To address a need at receiver, the Seahawks turned to a familiar face.
Less than two months after releasing Sidney Rice to free up salary cap space, the Seahawks agreed to terms Wednesday on a deal to bring the receiver back to Seattle.
Rice broke the news himself on Twitter, writing, “Aaayyyyooo 12s.. SEA you in a few.. IM COMIN’ HOME! #Seahawks #12thman #Round2.”
Round 2, as Rice put it, will come with different expectations than Rice’s first contract with Seattle. When Rice joined the Seahawks in 2011, he was the first big-money free agent signing for head coach Pete Carroll and general manager John Schneider, signing a five-year, $41 million deal. Back then Rice was brought to Seattle to be a bona fide No. 1 receiver, something similar to what he was in Minnesota in 2009 when he caught 83 passes for 1,312 yards and eight touchdowns.
Now, Rice, 27, will still try to be a productive receiver, but he’s also hoping to simply prove he can stay healthy having missed the second half of last season, as well as seven games in 2011. Since that highly productive 2009 season, Rice has missed significant time because of hip and knee injuries, as well as multiple concussions. He also had surgery on both shoulders after concussions ended his 2011 season early, but he played in all 16 games in 2012, putting up his best numbers as a Seahawk with 50 catches for 748 yards and seven touchdowns.
While far from a sure thing, Rice’s return to Seattle is hardly surprising. Shortly after he and Red Bryant were released, head coach Pete Carroll left the door open to a return for the two cap casualties, saying, “”maybe we have a chance to get them back, maybe we don’t. We’ll have to wait and see.”
While Bryant was quickly snatched up by Jacksonville, Rice, who is coming off a torn ACL that ended his 2013 season in October, did not immediately find a suitor. With Rice receiving clearance Monday to resume football activities, teams began showing interest this week. Rice visited the New York Jets Wednesday, but ultimately he decided to stay in Seattle.
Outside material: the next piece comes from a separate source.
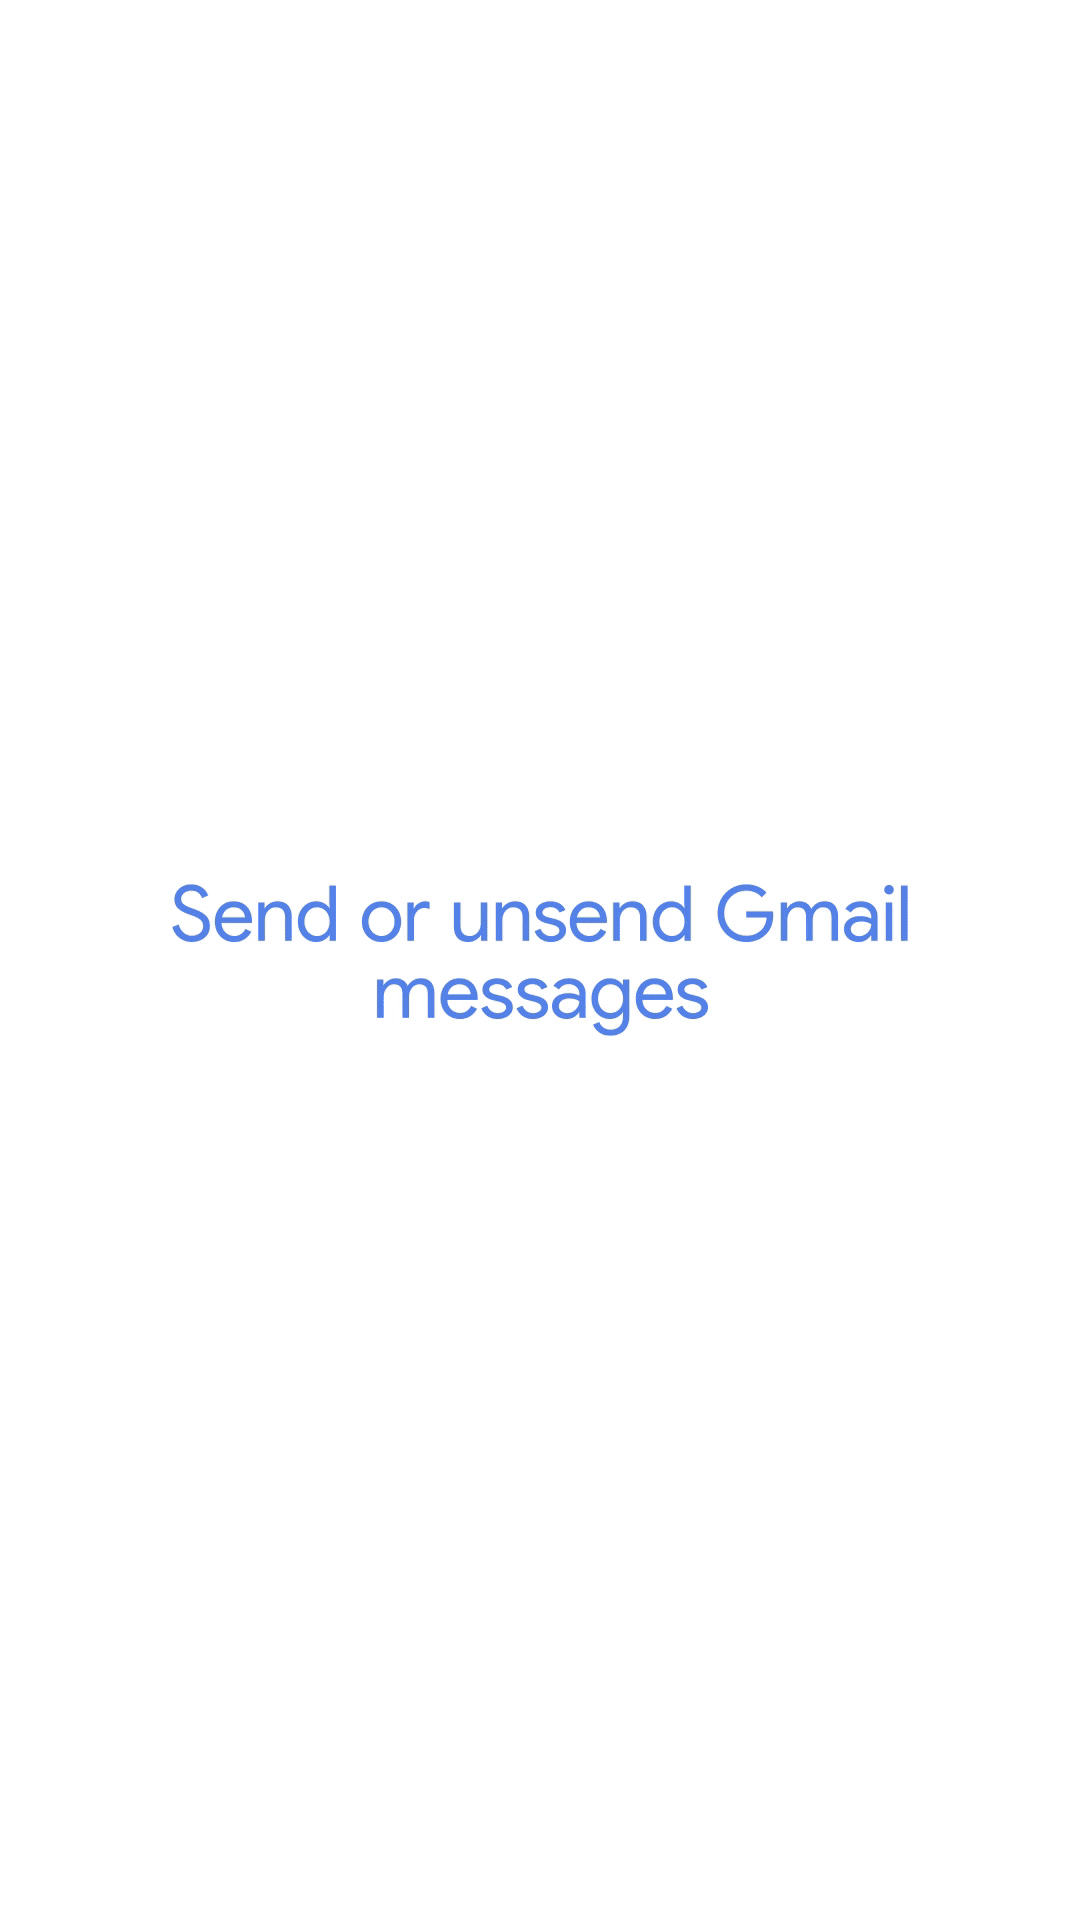 An animation showing how to send and unsend a message in Gmail on Android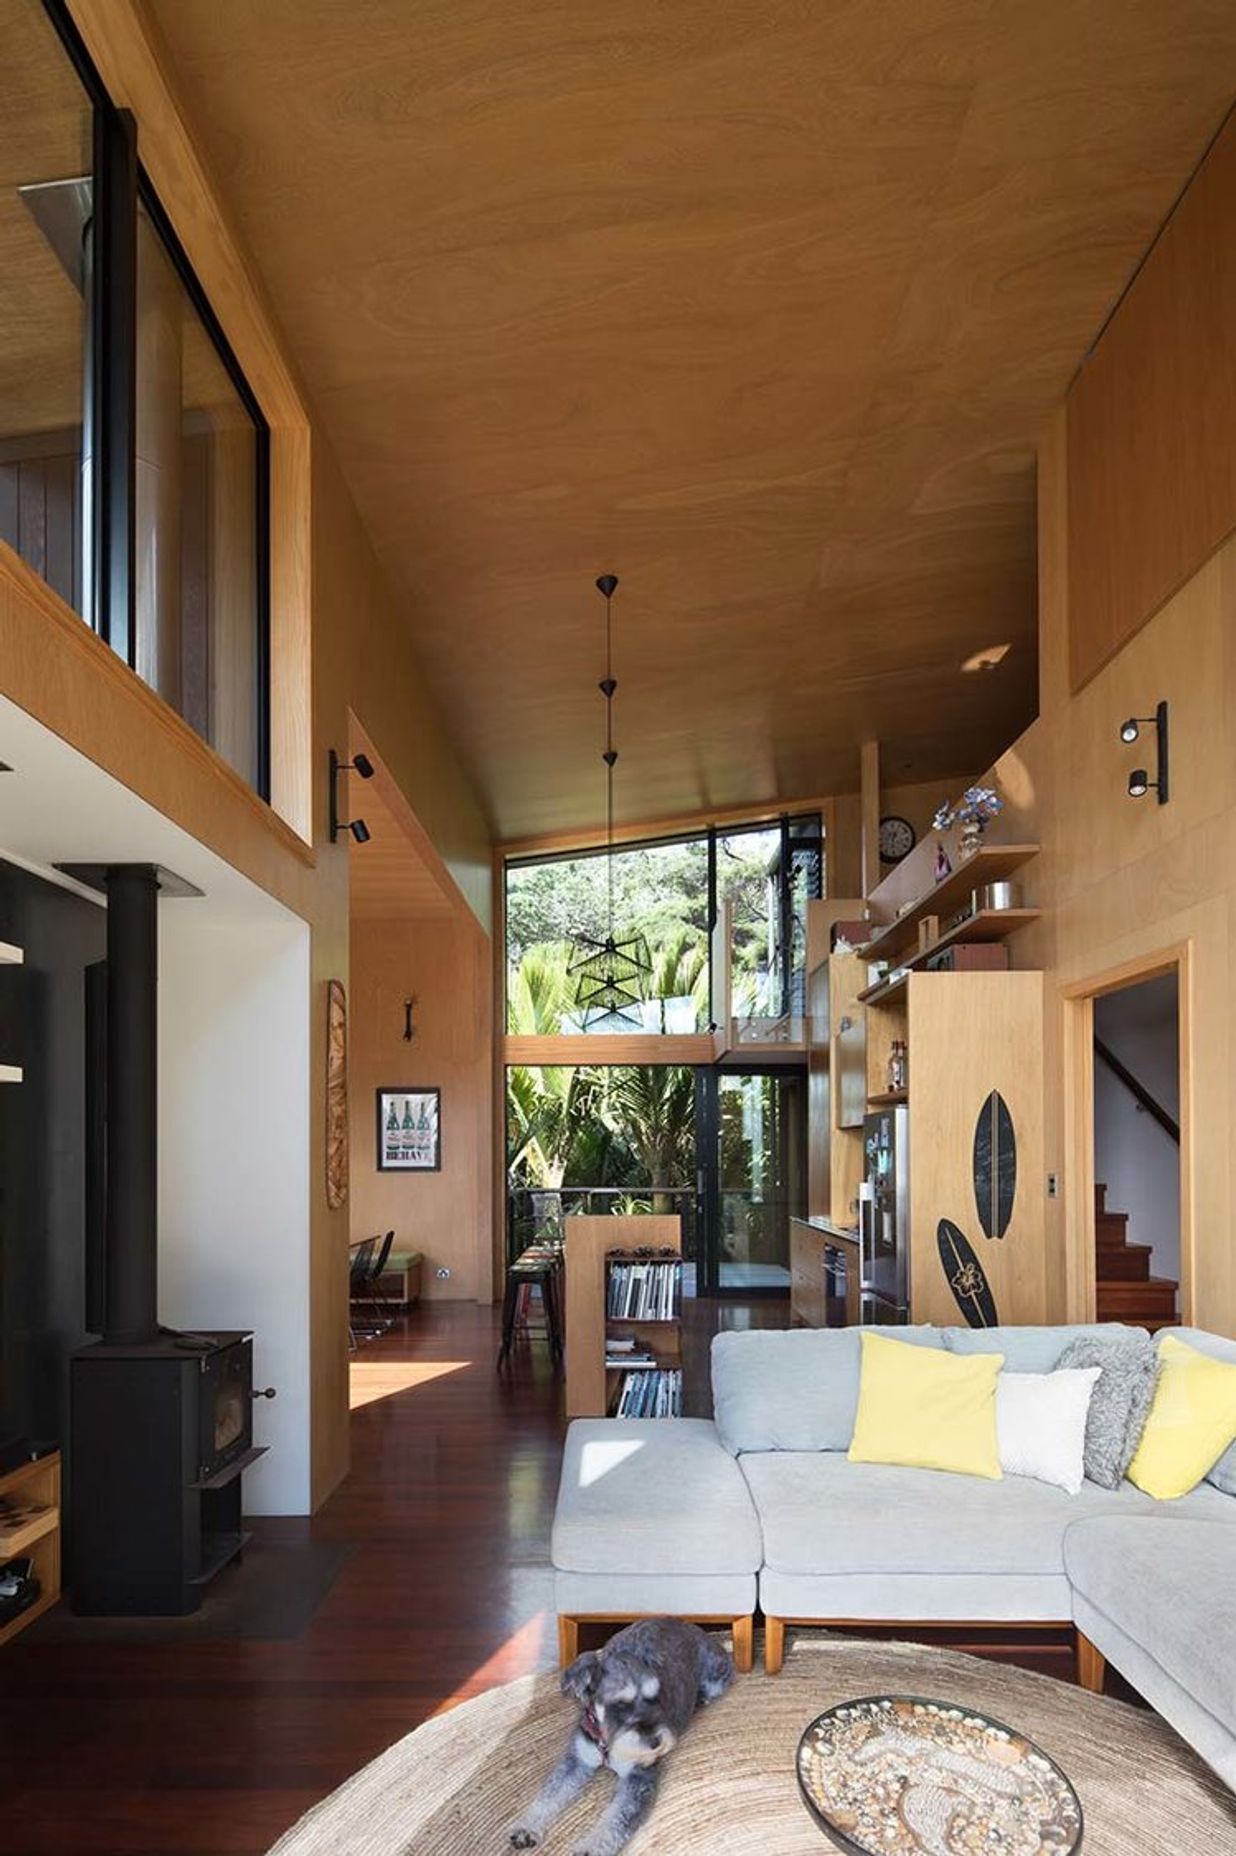 The high ceilings comfortably provide several living spaces within the small footprint, promoting social closeness that larger houses may not.

Several of Rice’s teammates expressed their happiness at the news on Twitter, including quarterback Russell Wilson, who wrote, “YESSSSSSSSSSS!!!!!!! @sidneyrice.”
The Seahawks released Rice to save $7.5 million in cap space, but Carroll has always raved about Rice’s ability, and presuming this contract — reportedly a one-year deal — is worth significantly less than his previous one, he could represent a bargain for Seattle if he can stay healthy.
And yes, that’s a big “if,” but if Rice is healthy, the Seahawks would be adding a productive pass catcher after losing last year’s leading receiver, Golden Tate, in free agency. At 6-foot-4, Rice also give the Seahawks needed height to a unit that, while very productive without him during a Super Bowl run, lacked size without him. Prior to Rice’s signing, Seattle’s receiving corps did not include a player over 6-foot-2 who had played a down in the NFL (Seattle did add 6-5 receiver Chris Matthews, who spent the last two seasons in the CFL).